(Extracted data entries)
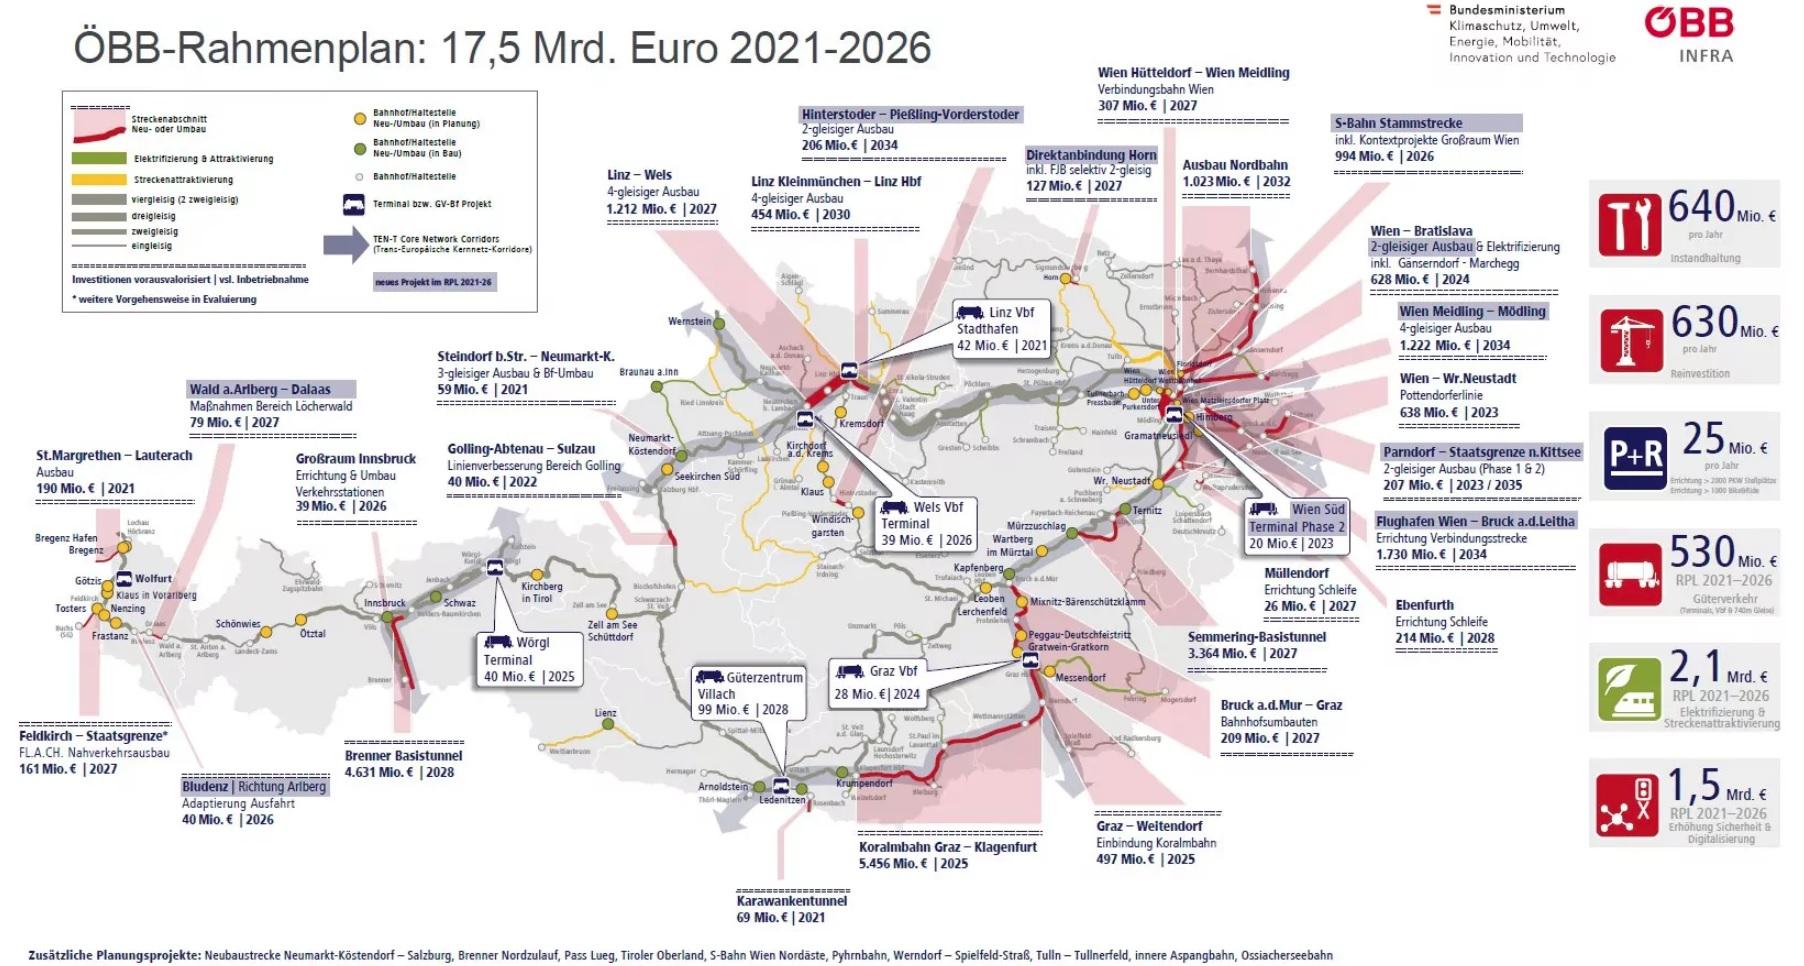 Vasúti fejlesztések a következő öt évben Ausztriában (forrás: ÖBB)
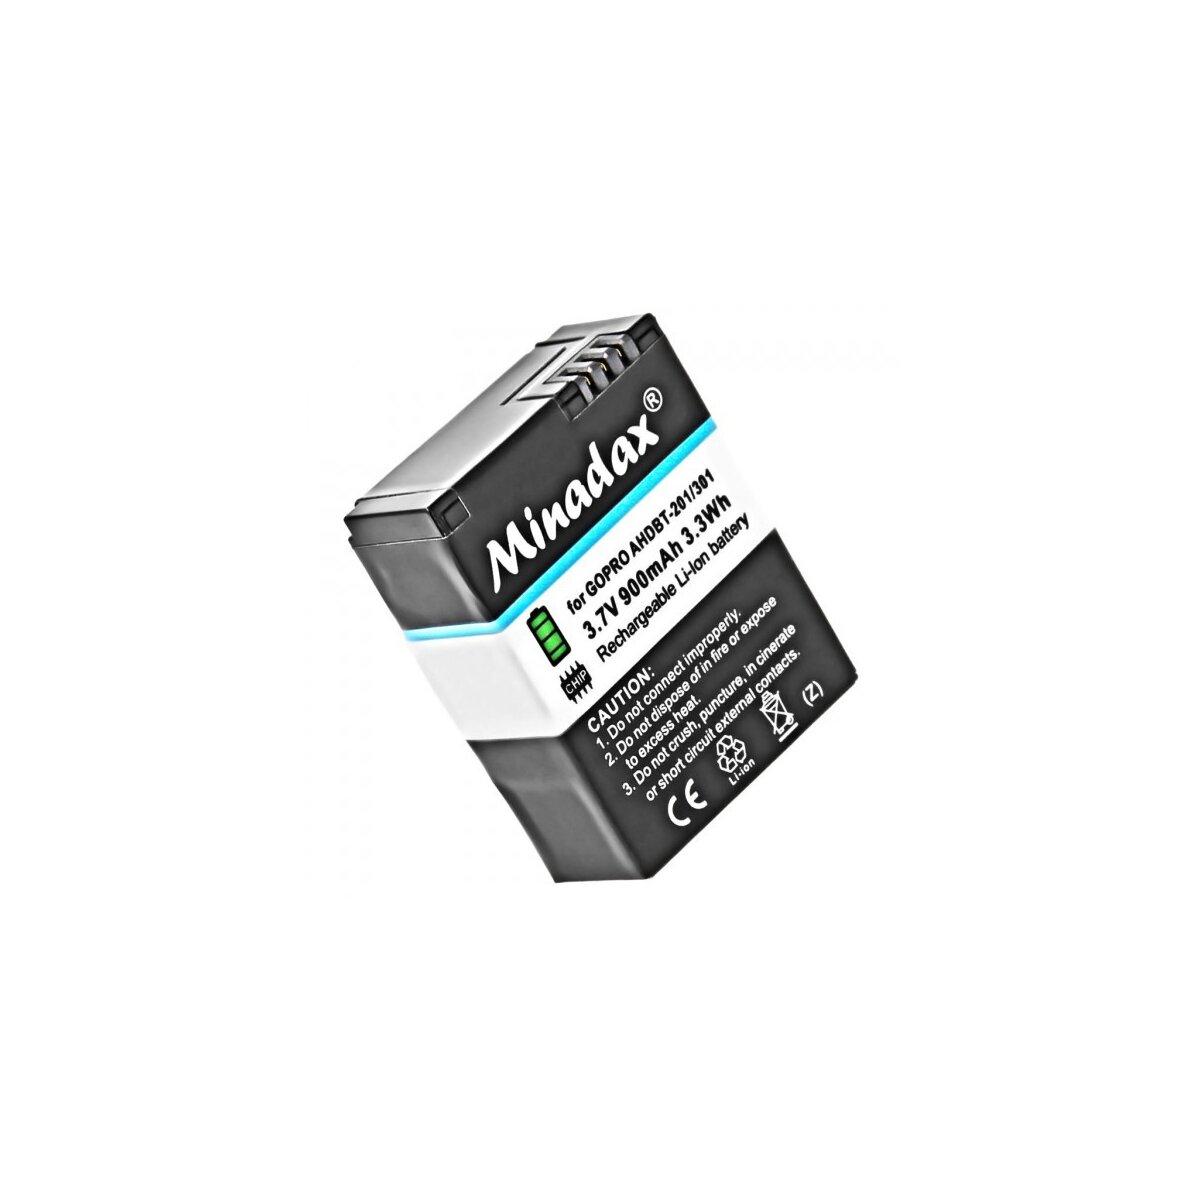 Minadax® Qualitaetsakku mit echten 900mAh fuer GoPro Hero 3 / Hero 3+ wie der AHDBT-302 / AHDBT-301 / AHDBT-201 - Intelligentes Akkusystem mit Chip
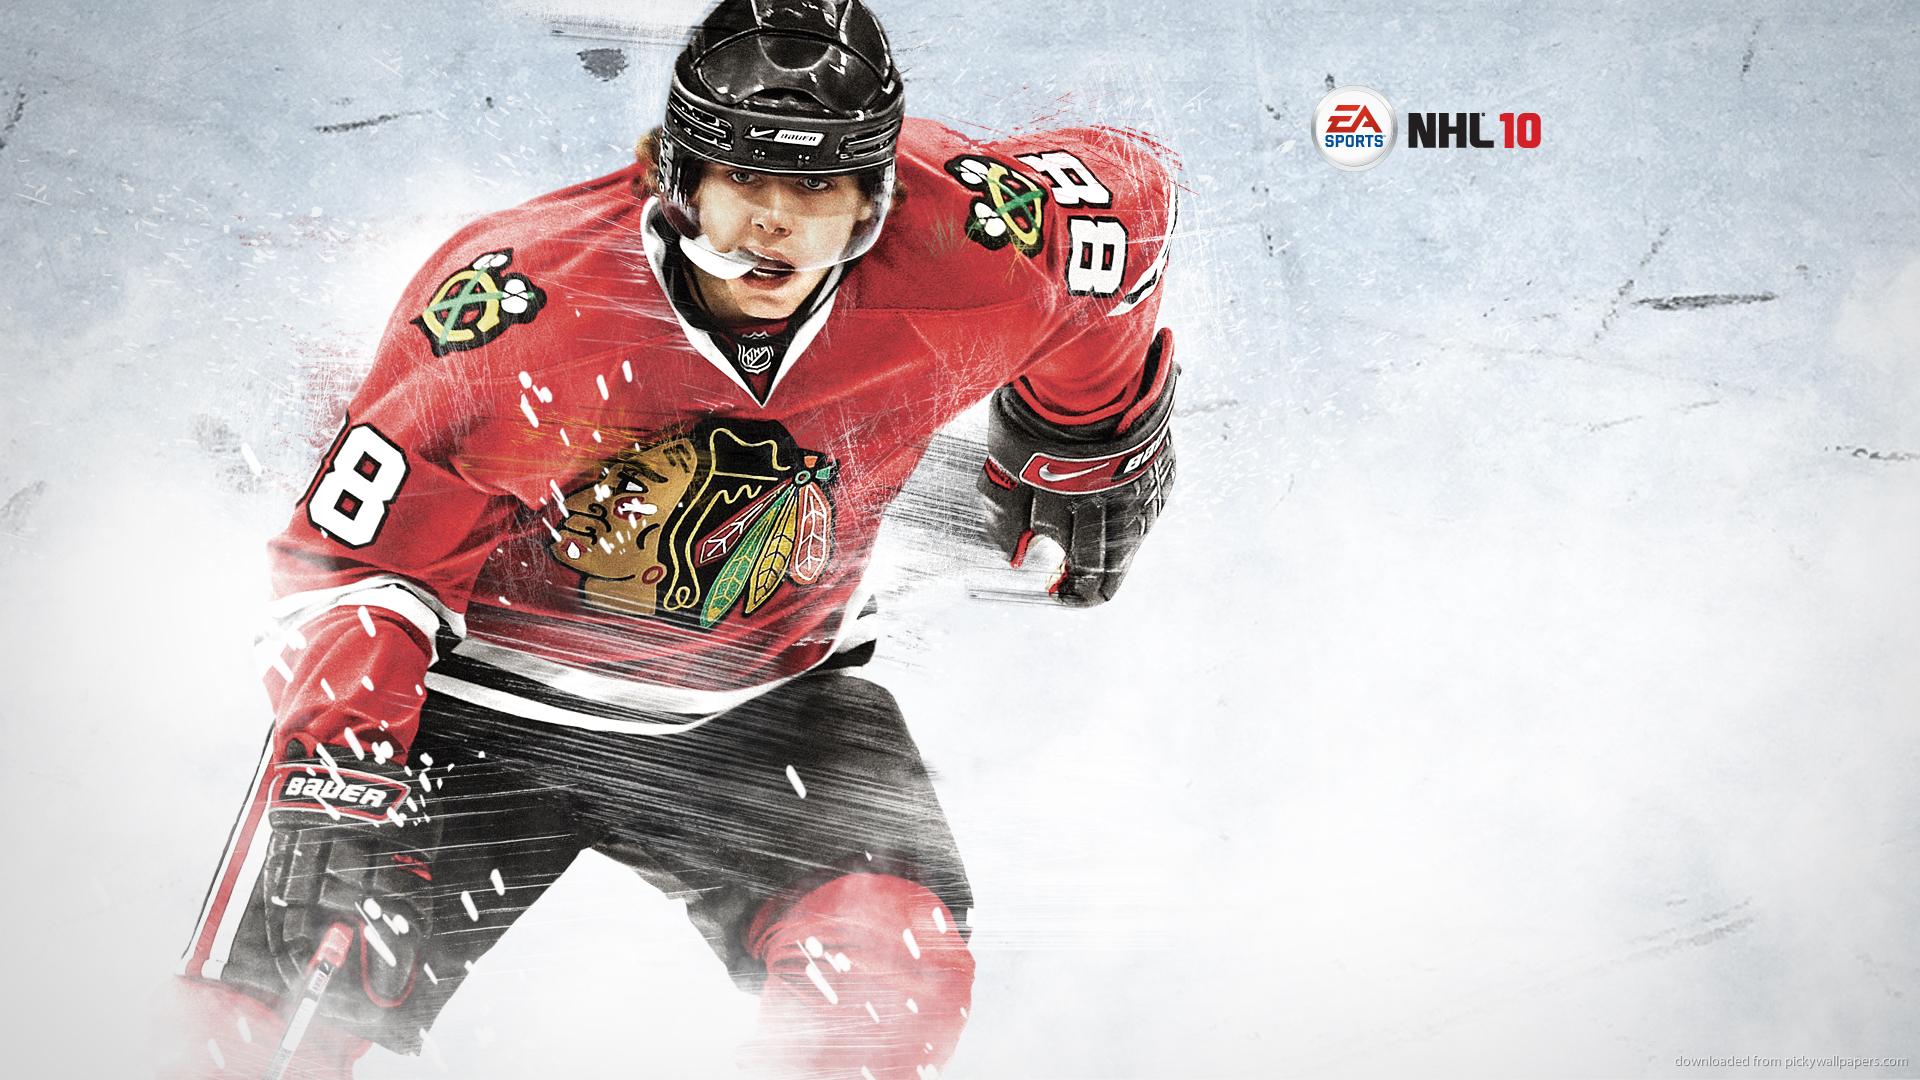 Картинки хоккей для рабочего стола
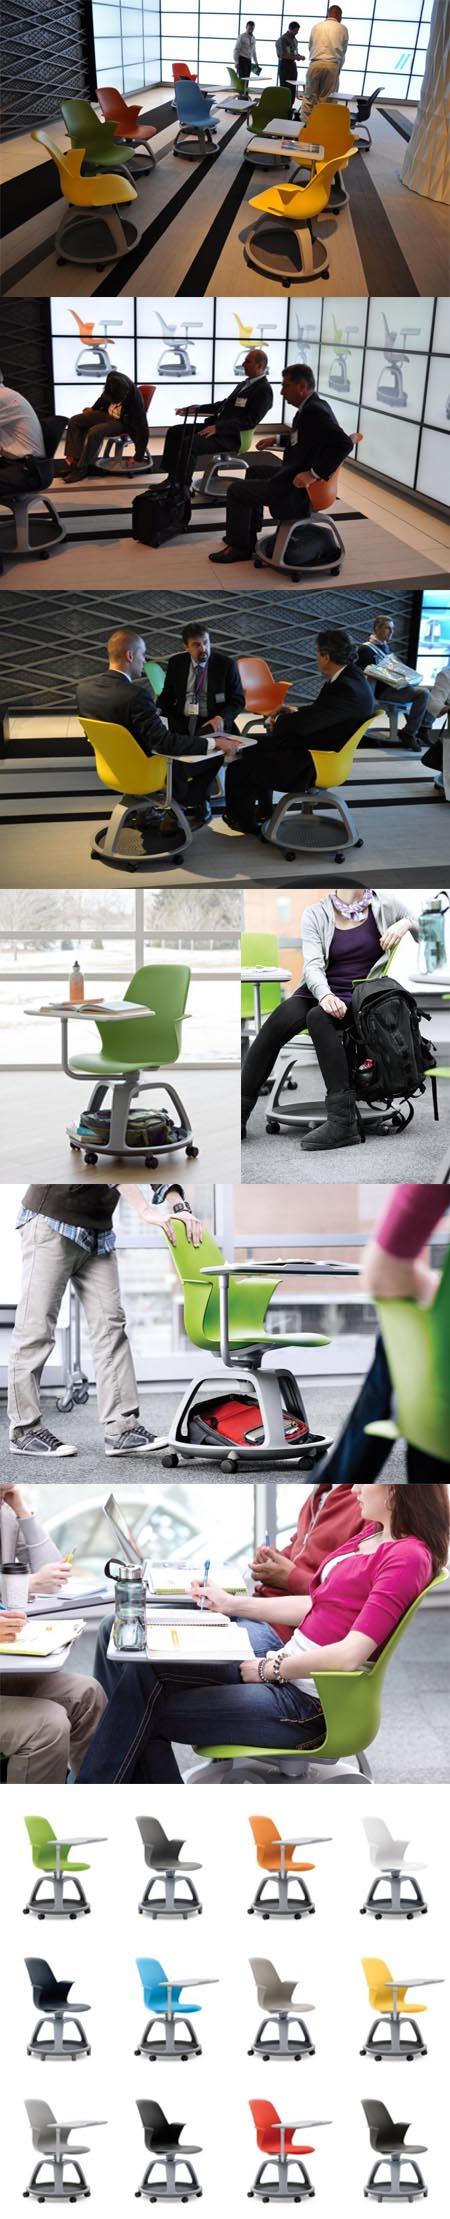 node-chair-steelcase-design
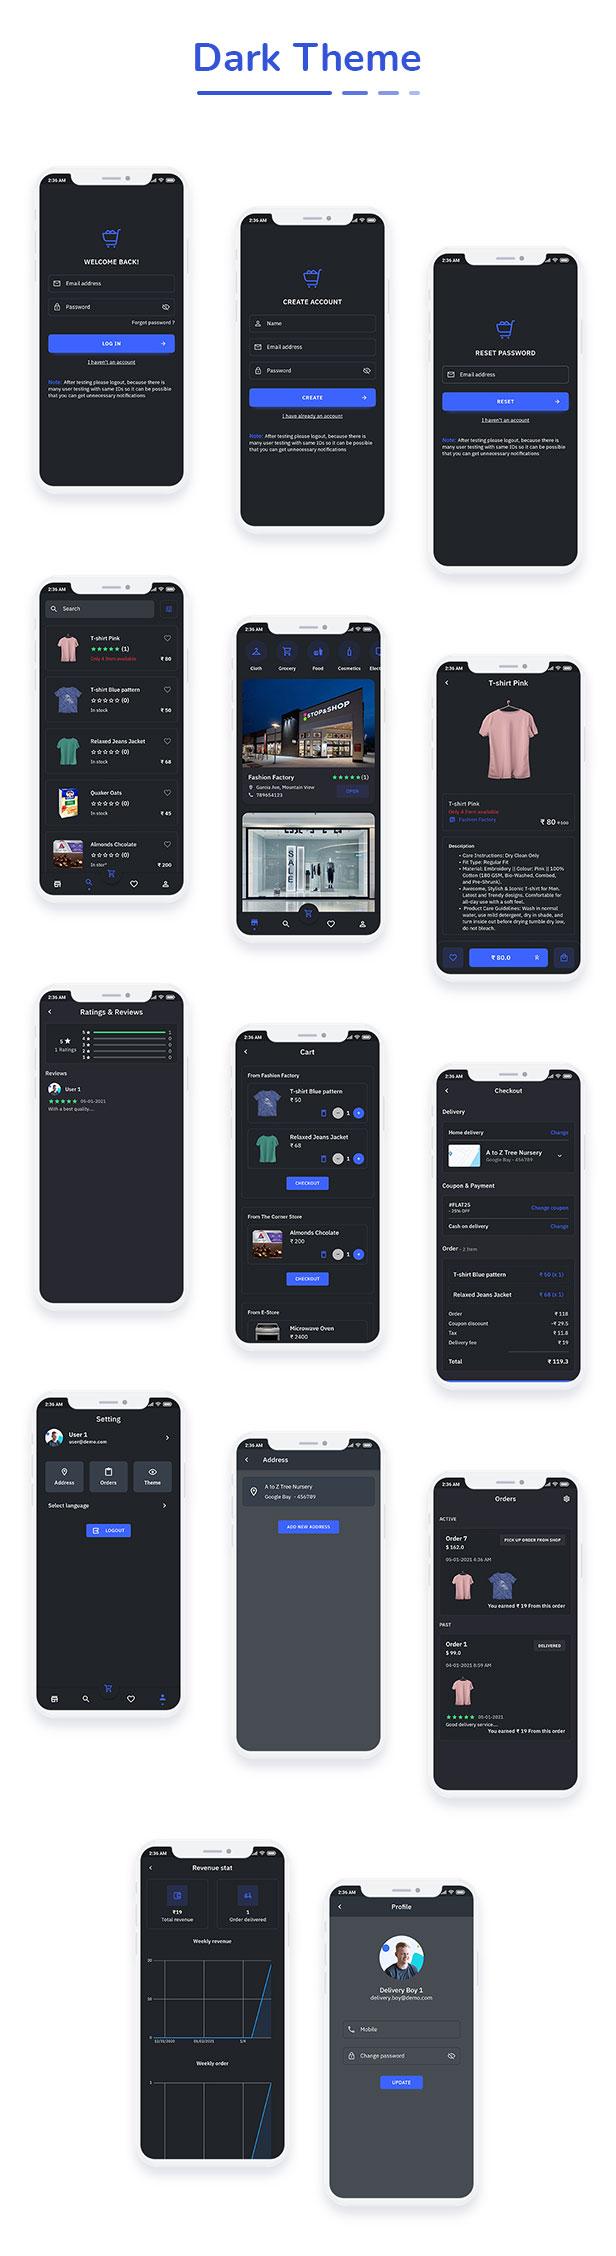 EMall | Multi Vendor E-Commerce Full App - 14

## WORK REQUEST
Exclude the pictures and give back the rest of the data above exactly as written.

## RESPONSE TO THE TASK
 Vasúti fejlesztések a következő öt évben Ausztriában (forrás: ÖBB)
 Minadax® Qualitaetsakku mit echten 900mAh fuer GoPro Hero 3 / Hero 3+ wie der AHDBT-302 / AHDBT-301 / AHDBT-201 - Intelligentes Akkusystem mit Chip
 Картинки хоккей для рабочего стола
 node-chair-steelcase-design
 EMall | Multi Vendor E-Commerce Full App - 14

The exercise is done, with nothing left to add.